| What you are asked to do |
Below is a set of records. Please retype every one exactly.
--- START ---
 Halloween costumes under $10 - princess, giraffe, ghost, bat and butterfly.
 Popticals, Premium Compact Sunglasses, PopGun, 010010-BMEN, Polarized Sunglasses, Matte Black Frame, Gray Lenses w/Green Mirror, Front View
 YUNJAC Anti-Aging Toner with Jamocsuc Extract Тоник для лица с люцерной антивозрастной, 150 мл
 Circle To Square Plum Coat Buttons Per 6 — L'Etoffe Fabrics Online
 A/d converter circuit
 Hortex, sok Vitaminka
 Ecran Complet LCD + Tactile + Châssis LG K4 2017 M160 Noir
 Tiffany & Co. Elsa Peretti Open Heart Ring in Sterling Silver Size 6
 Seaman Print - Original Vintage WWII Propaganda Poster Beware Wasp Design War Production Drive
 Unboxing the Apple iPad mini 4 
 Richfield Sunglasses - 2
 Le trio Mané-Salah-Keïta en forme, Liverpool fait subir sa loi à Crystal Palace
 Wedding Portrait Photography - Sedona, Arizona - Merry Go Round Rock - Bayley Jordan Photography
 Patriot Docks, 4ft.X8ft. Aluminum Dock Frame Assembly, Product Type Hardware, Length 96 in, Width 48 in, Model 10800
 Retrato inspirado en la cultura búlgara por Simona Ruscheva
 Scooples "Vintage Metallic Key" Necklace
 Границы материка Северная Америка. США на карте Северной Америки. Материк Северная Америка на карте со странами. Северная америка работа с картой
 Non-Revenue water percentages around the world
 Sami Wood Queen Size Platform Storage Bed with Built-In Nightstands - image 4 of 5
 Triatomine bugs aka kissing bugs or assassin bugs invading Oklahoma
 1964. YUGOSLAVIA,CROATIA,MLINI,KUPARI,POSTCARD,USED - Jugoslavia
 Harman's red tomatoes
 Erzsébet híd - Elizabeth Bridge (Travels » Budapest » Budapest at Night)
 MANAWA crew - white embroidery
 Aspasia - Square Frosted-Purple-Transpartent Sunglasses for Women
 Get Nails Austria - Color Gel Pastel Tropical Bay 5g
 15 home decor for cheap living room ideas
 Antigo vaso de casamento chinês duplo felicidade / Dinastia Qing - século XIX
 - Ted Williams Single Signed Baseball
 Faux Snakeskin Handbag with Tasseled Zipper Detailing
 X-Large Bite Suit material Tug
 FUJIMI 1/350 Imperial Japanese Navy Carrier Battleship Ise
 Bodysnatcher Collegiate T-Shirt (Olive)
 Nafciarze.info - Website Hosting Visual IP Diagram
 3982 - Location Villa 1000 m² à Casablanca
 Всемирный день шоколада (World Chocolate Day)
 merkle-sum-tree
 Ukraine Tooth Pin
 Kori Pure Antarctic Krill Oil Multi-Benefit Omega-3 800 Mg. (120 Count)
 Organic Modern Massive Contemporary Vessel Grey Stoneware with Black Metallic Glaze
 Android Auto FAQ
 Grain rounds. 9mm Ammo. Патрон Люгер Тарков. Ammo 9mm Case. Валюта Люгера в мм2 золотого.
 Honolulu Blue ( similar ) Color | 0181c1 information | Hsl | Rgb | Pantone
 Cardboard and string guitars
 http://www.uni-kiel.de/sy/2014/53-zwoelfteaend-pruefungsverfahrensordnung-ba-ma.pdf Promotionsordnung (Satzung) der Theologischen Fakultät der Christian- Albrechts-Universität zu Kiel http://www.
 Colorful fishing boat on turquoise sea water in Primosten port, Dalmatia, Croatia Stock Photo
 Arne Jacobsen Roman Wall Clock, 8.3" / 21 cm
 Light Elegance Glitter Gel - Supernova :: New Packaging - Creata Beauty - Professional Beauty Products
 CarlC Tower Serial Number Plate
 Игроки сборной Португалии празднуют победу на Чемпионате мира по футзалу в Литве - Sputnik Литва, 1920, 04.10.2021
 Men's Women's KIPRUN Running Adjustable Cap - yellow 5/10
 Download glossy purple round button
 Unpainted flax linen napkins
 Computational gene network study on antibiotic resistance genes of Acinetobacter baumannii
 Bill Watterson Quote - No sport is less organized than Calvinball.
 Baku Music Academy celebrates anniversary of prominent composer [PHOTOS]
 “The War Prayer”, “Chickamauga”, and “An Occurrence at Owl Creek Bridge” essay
--- END ---
| Expected answer |
 Halloween costumes under $10 - princess, giraffe, ghost, bat and butterfly.
 Popticals, Premium Compact Sunglasses, PopGun, 010010-BMEN, Polarized Sunglasses, Matte Black Frame, Gray Lenses w/Green Mirror, Front View
 YUNJAC Anti-Aging Toner with Jamocsuc Extract Тоник для лица с люцерной антивозрастной, 150 мл
 Circle To Square Plum Coat Buttons Per 6 — L'Etoffe Fabrics Online
 A/d converter circuit
 Hortex, sok Vitaminka
 Ecran Complet LCD + Tactile + Châssis LG K4 2017 M160 Noir
 Tiffany & Co. Elsa Peretti Open Heart Ring in Sterling Silver Size 6
 Seaman Print - Original Vintage WWII Propaganda Poster Beware Wasp Design War Production Drive
 Unboxing the Apple iPad mini 4 
 Richfield Sunglasses - 2
 Le trio Mané-Salah-Keïta en forme, Liverpool fait subir sa loi à Crystal Palace
 Wedding Portrait Photography - Sedona, Arizona - Merry Go Round Rock - Bayley Jordan Photography
 Patriot Docks, 4ft.X8ft. Aluminum Dock Frame Assembly, Product Type Hardware, Length 96 in, Width 48 in, Model 10800
 Retrato inspirado en la cultura búlgara por Simona Ruscheva
 Scooples "Vintage Metallic Key" Necklace
 Границы материка Северная Америка. США на карте Северной Америки. Материк Северная Америка на карте со странами. Северная америка работа с картой
 Non-Revenue water percentages around the world
 Sami Wood Queen Size Platform Storage Bed with Built-In Nightstands - image 4 of 5
 Triatomine bugs aka kissing bugs or assassin bugs invading Oklahoma
 1964. YUGOSLAVIA,CROATIA,MLINI,KUPARI,POSTCARD,USED - Jugoslavia
 Harman's red tomatoes
 Erzsébet híd - Elizabeth Bridge (Travels » Budapest » Budapest at Night)
 MANAWA crew - white embroidery
 Aspasia - Square Frosted-Purple-Transpartent Sunglasses for Women
 Get Nails Austria - Color Gel Pastel Tropical Bay 5g
 15 home decor for cheap living room ideas
 Antigo vaso de casamento chinês duplo felicidade / Dinastia Qing - século XIX
 - Ted Williams Single Signed Baseball
 Faux Snakeskin Handbag with Tasseled Zipper Detailing
 X-Large Bite Suit material Tug
 FUJIMI 1/350 Imperial Japanese Navy Carrier Battleship Ise
 Bodysnatcher Collegiate T-Shirt (Olive)
 Nafciarze.info - Website Hosting Visual IP Diagram
 3982 - Location Villa 1000 m² à Casablanca
 Всемирный день шоколада (World Chocolate Day)
 merkle-sum-tree
 Ukraine Tooth Pin
 Kori Pure Antarctic Krill Oil Multi-Benefit Omega-3 800 Mg. (120 Count)
 Organic Modern Massive Contemporary Vessel Grey Stoneware with Black Metallic Glaze
 Android Auto FAQ
 Grain rounds. 9mm Ammo. Патрон Люгер Тарков. Ammo 9mm Case. Валюта Люгера в мм2 золотого.
 Honolulu Blue ( similar ) Color | 0181c1 information | Hsl | Rgb | Pantone
 Cardboard and string guitars
 http://www.uni-kiel.de/sy/2014/53-zwoelfteaend-pruefungsverfahrensordnung-ba-ma.pdf Promotionsordnung (Satzung) der Theologischen Fakultät der Christian- Albrechts-Universität zu Kiel http://www.
 Colorful fishing boat on turquoise sea water in Primosten port, Dalmatia, Croatia Stock Photo
 Arne Jacobsen Roman Wall Clock, 8.3" / 21 cm
 Light Elegance Glitter Gel - Supernova :: New Packaging - Creata Beauty - Professional Beauty Products
 CarlC Tower Serial Number Plate
 Игроки сборной Португалии празднуют победу на Чемпионате мира по футзалу в Литве - Sputnik Литва, 1920, 04.10.2021
 Men's Women's KIPRUN Running Adjustable Cap - yellow 5/10
 Download glossy purple round button
 Unpainted flax linen napkins
 Computational gene network study on antibiotic resistance genes of Acinetobacter baumannii
 Bill Watterson Quote - No sport is less organized than Calvinball.
 Baku Music Academy celebrates anniversary of prominent composer [PHOTOS]
 “The War Prayer”, “Chickamauga”, and “An Occurrence at Owl Creek Bridge” essay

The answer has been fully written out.